Although he could not provide exact details of how or why Heinz died, citing the ongoing nature of the investigation, Jurk said officials were able to rule out foul play based on witness accounts.

“We do not have any reason to believe it was anything more than an accident,” Jurk said.

A medical examiner’s report is expected in the coming weeks.

Jurk described Stillhouse Hollow Lake as a popular destination among locals, especially for fishing and camping.

Although Jurk said Heinz was found in an area of the lake not designated for swimming, he said people could still be found swimming there “all the time.”

“Every weekend there’s people there swimming,” he said.

Heinz became an active-duty soldier in January 2012 and earned several awards and decorations, including the National Defense Service Medal, Global War on Terror Service Medal and Army Service Medal, according to the statement from Fort Hood.

A Facebook page created Tuesday in memory of Heinz had amassed more than 1,100 “likes” by Wednesday afternoon.
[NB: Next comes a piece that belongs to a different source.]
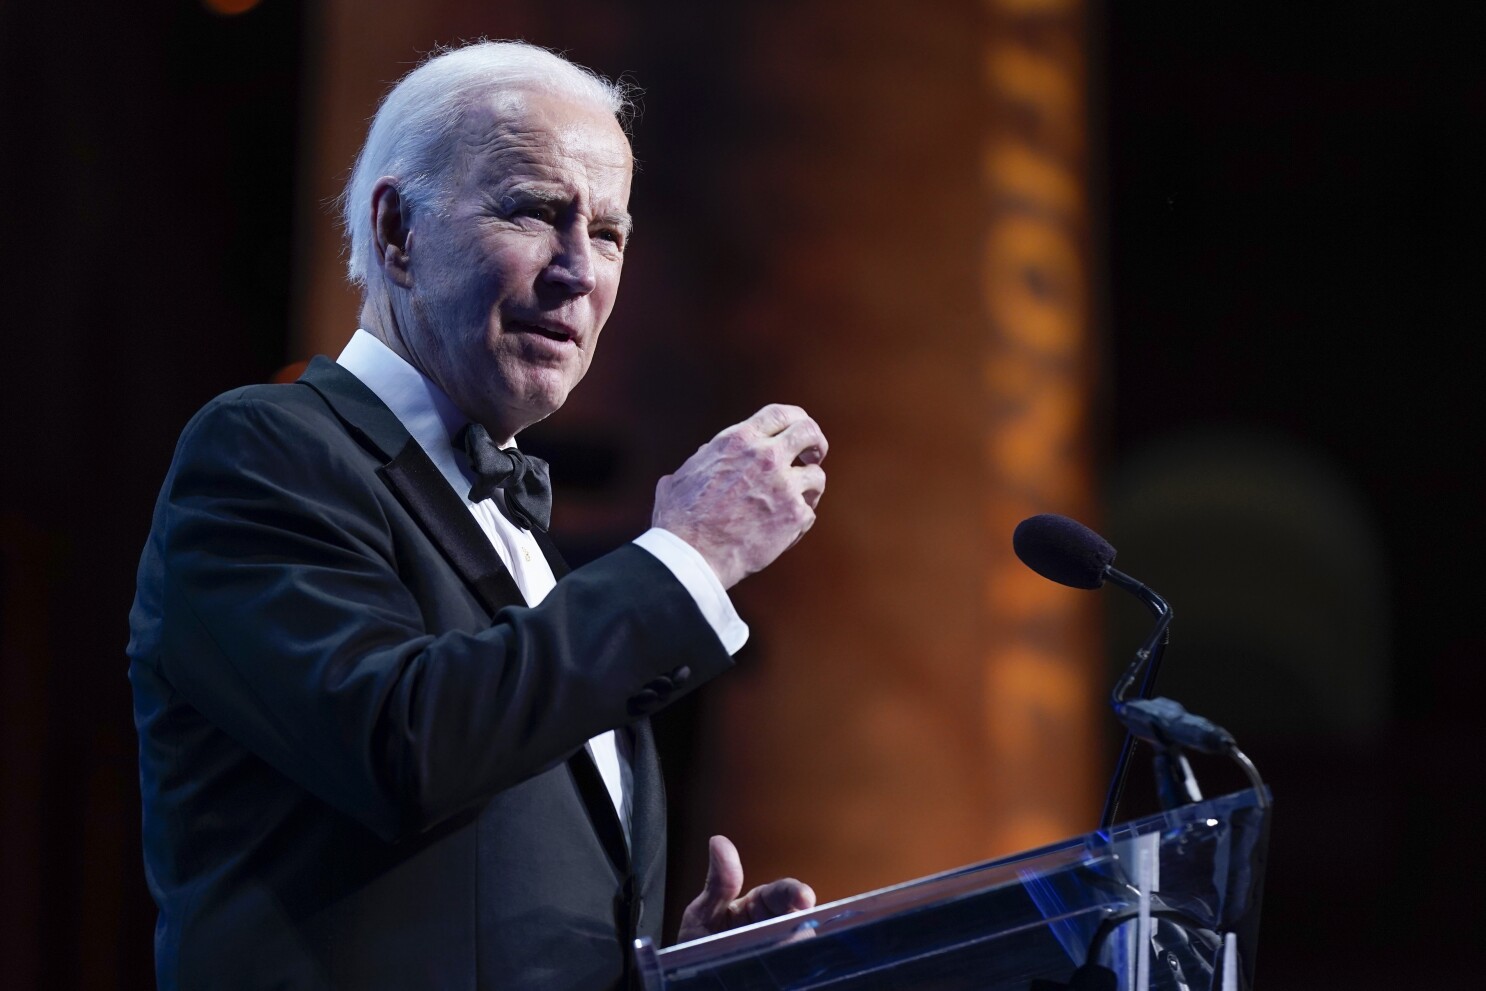 Biden hablará con líder chino sobre invasión de Ucrania - Los Angeles Times

“RIP Christopher Kent Heinz” featured photos of Heinz in the company of friends and loved ones, and offered those who knew him a place to share memories of “a great friend, a brave soldier, and a loving husband,” according to the page description.

A page author posted this statement Wednesday: “As we continue to grieve for the loss of Chris, please remember you are not alone. Heaven has gained another angel, and Chris is watching over each and every one of us.”